Могнун-Тайга и сарлыки
Могнун-Тайга и сарлыки

О чем фильм " Здесь выживут только сарлыки"

Действие фильма разворачивается на горе Могнун-Тайга в Тыве. Его герои – сарлыки, крутолобые горные яки с густой длинной шерстью, и их пастухи. Пастухи трудоустроены в государственном предприятии, они выполняют план, для них устраивают праздники и конкурсы с призами и грамотами. А за этой формальной рамкой – та же жизнь, что и тысячу лет назад. Авторы фильма фиксируют удивительный сплав вечного и актуального: герои носят обычную современную одежду и участвуют в шаманском молебне о дожде (и дождь начинается сразу после). Молодая мама, по совету врачей, приносит ребенка в "шаманскую поликлинику", которая выглядит как обычный сельский ФАП, пока шаманка не достает бубен. Герои фильма говорят на тувинском, но слова "контрактник", "служба по контракту", "ветеран боевых действий" произносят по-русски: это слова не из их мира. На праздник в Кызыл-Хая, где пастухи соревнуются в скачках на яках, приезжает сенатор от Тывы Дина Оюн. Она вручает победителям грамоты "за сохранение традиций сарлыководства" и медали "Россия умеет побеждать". "Вы проводите этот праздник в дни, когда Россия отстаивает свой суверенитет, и наши ребята борются за это", – говорит она с широкой улыбкой. В семье, которая принимала в гостях съемочную группу, двое служат на "СВО" – сын и брат хозяина. В первой части фильма отец семейства показывает фотографии сына в военной форме. В конце – вся семья идёт к шаманке и просит защитить родных от гибели. Шаманка молит духов о "покровительстве и защите", а на экране кадры обряда чередуются с фотографиями бесконечных тувинских билбордов с лицами погибших на "СВО" молодых парней – тувинцев.

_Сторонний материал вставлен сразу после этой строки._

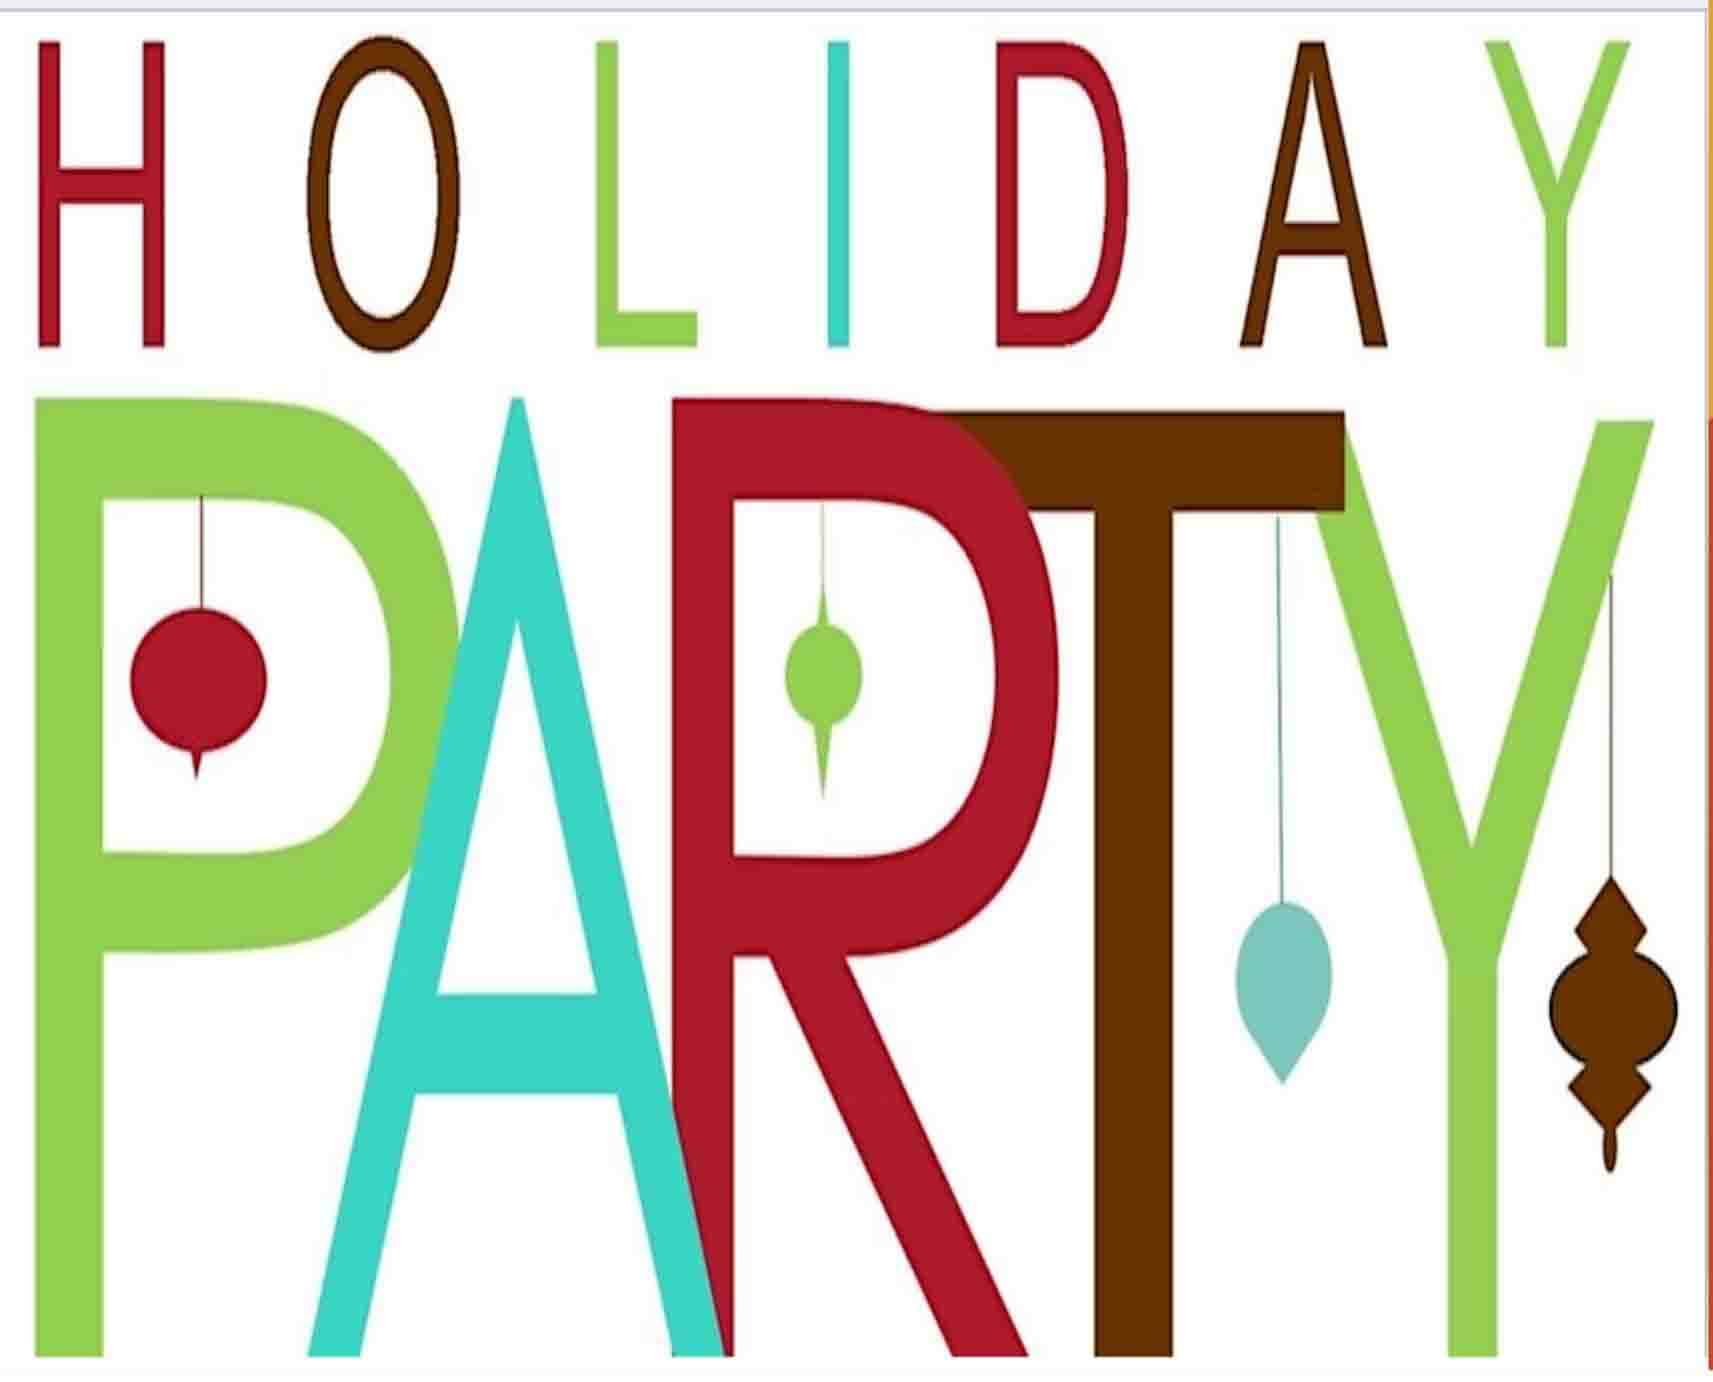 TEI ANNUAL HOLIDAY NETWORKING PARTY 2022

"Человек не существует вне контекста"

– Тема вашего фильма довольно мирная и нейтральная…

– Абсолютно! Высокогорные пастухи, которые занимаются совершенно экзотической профессией – пасут сарлыков. Причем это удивительная история, потому что пастухи считают, что яки – это их собственность, а яки так не считают. У них нет никаких загонов, они живут в горах, они могут побыть рядом с пастухами, потом уйти в горы, и пастух может неделю искать свою "собственность". В фильме пастухи рассказывают, что как только родился теленок, его надо привязывать, потому что если его не привязывать, то он не будет понимать, что он чья-то собственность. Хорошая аналогия, да? А если этот теленочек родился в горах, и его не привязывали, то он уже никогда не будет чьей-то собственностью и никогда не придет к человеку.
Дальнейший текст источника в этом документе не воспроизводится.